O fato é que será necessário escrever código hora ou outra, e fazer algo simples é complicado. Se demoniza muitas más práticas e se louva o Uncle Bob e sua Palavra, o livro Clean Code e tudo que ele inspirou.
Um passo-a-passo mais prático e direcionado é se perguntar antes de escrever qualquer novo código:
- Sou o único que possui esse problema bem específico, e não tem uma solução pronta e simples que eu possa integrar aqui?
- Realmente preciso implementar essa funcionalidade? Porque? De fato é o que é necessário para eu atender ao requisito que estou executando?
- Algo que eu tenho pronto já pode ser reutilizado? Ou, ao fazer isso, não estou introduzindo redundância ou duplicação?
- Estou fazendo algo simples e legível? Não estou fazendo procedimentos técnicos alternativos?
- Eu vou entender isso daqui dois anos? Outras pessoas conseguem entender também?
- Tem como testar? De forma integrada? Minimizando as chances de quebrar algo?
Deve-se perseguir código simples, legível e sem muitas dependências esotéricas.
$ python -m this
The Zen of Python, by Tim Peters
Beautiful is better than ugly.
Explicit is better than implicit.
Simple is better than complex.
Complex is better than complicated.
Flat is better than nested.
Sparse is better than dense.
Readability counts.
...
Entregue mais
"No mundo da entrega contínua, lançar novas funcionalidades não é um evento que sacode tudo onde todos na empresa param de trabalhar por semanas após um congelamento de código e esperam nervosamente em volta de painéis durante os fatídicos minutos de publicação. Ao invés disso, lançar novo software para os usuários deve ser tão rotineiro, chato e fácil que pode acontecer várias vezes no dia."
É fato que podemos estar amarrados em uma arquitetura de monolitos em servidores mutáveis que precisam ser mantidos. É o equivalente a trocar o óleo do carro: não tem como fazer com o motor ligado. Que o diga a revisão que envolve ver bateria, filtro de ar, suspensão e freios.
Por isso que hoje em dia está se promovendo a migração para outras plataformas, possibilitando publicações sem indisponibilidade subindo as novas instâncias de aplicação em paralelo, e roteando todo o tráfego para elas quando elas estiverem prontas. Ao invés de você se dar ao trabalho de ter um carro, passe a usar Uber para tudo: para cada nova corrida é um motorista e um carro diferente, mas você chegou onde precisava e não tem mais a responsabilidade de manutenção dele.
Lógico, você pode chamar um Uber para um carro levar você, alguns amigos e alguma bagagem, não para uma carreta de 12 eixos levar sua mudança (pelo menos ainda). A inércia de rotear o tráfego entre monolitos é mais complexa que fazê-lo entre serviços menores.

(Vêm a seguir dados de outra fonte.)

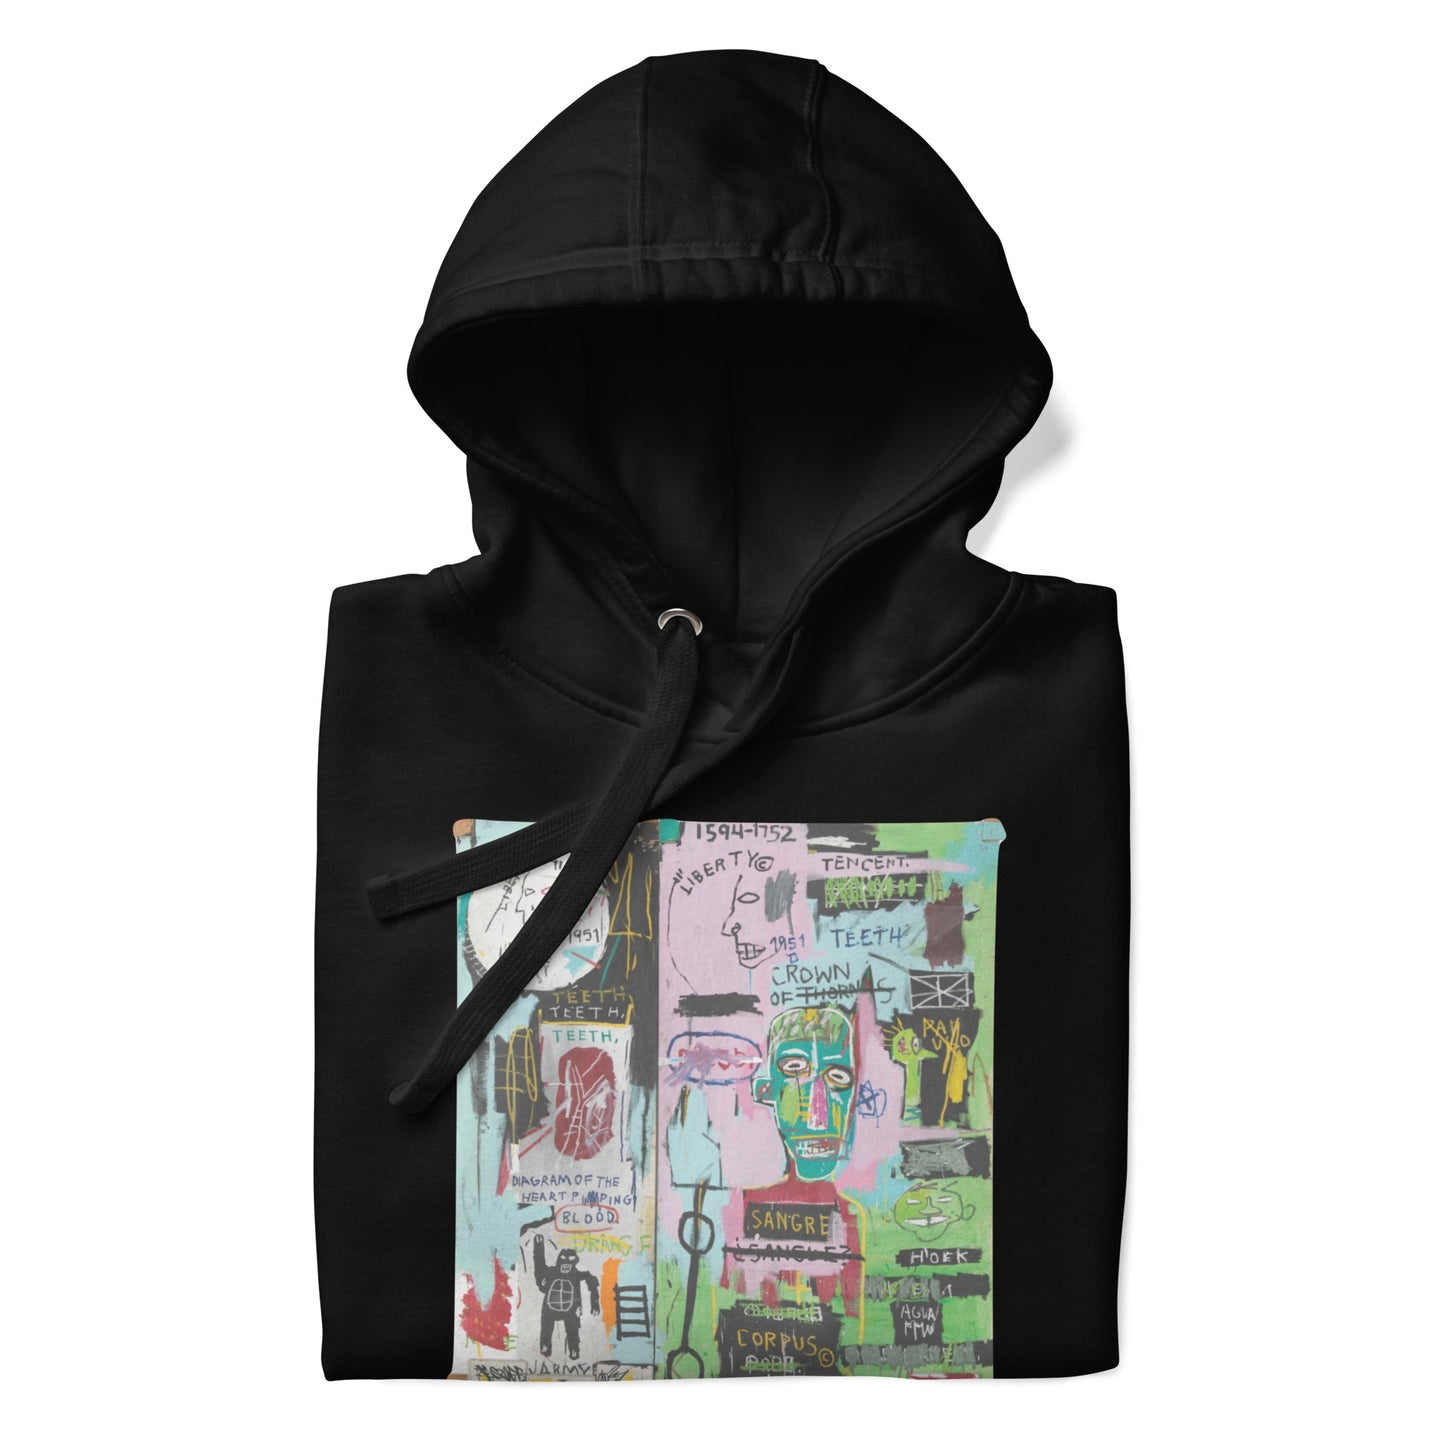 Jean-Michel Basquiat "In Italian" Artwork Printed Premium Streetwear Sweatshirt Hoodie Black

Migrando para este tipo de infraestrutura é uma tarefa visivelmente mais complexa, dependendo de conceitos abstratos e modernos que definitivamente vai se precisar promover uma mudança de cultura (senão qualificação técnica). Ao troco de tranquilidade em poder fazer publicações de forma mais independente e transparente.
Mas mesmo que não seja possível uma revisão completa de infraestrutura e de arquitetura, pelo menos uma mudança na forma de trabalho pode ser iniciada. Ao invés de aguardar uma conclusão de release, implante antes. Salvo os casos macarrônicos que definitivamente não são todas as entregas de funcionalidades, não tem porque ficar com recurso de software em estoque. Enquanto ele está guardado, nada acontece, mas nas mãos de seu usuário que o real valor se manifesta.
Monitore tudo
Um servidor tem muita coisa para te falar, mas com palavras não sabe dizer. Bytes transmitidos pelas interfaces de rede, system load, processos, uptime, ... mas, nessa infinidade de números, o que pode fazer sentido? Claro, um pico de CPU durando muito tempo, baixo espaço livre em disco, uso constante de swap são claros indicativos de problemas, mas problemas podem começar muito antes.
A plataforma de aplicação pode fornecer suas insights também. Uma Java Virtual Machine já monitora nativamente o número de threads em andamento, o consumo interno de memória, a frequência de garbage collection ou mesmo coisas esotéricas de número de conexões em aberto com bancos de dados ou sockets TCP.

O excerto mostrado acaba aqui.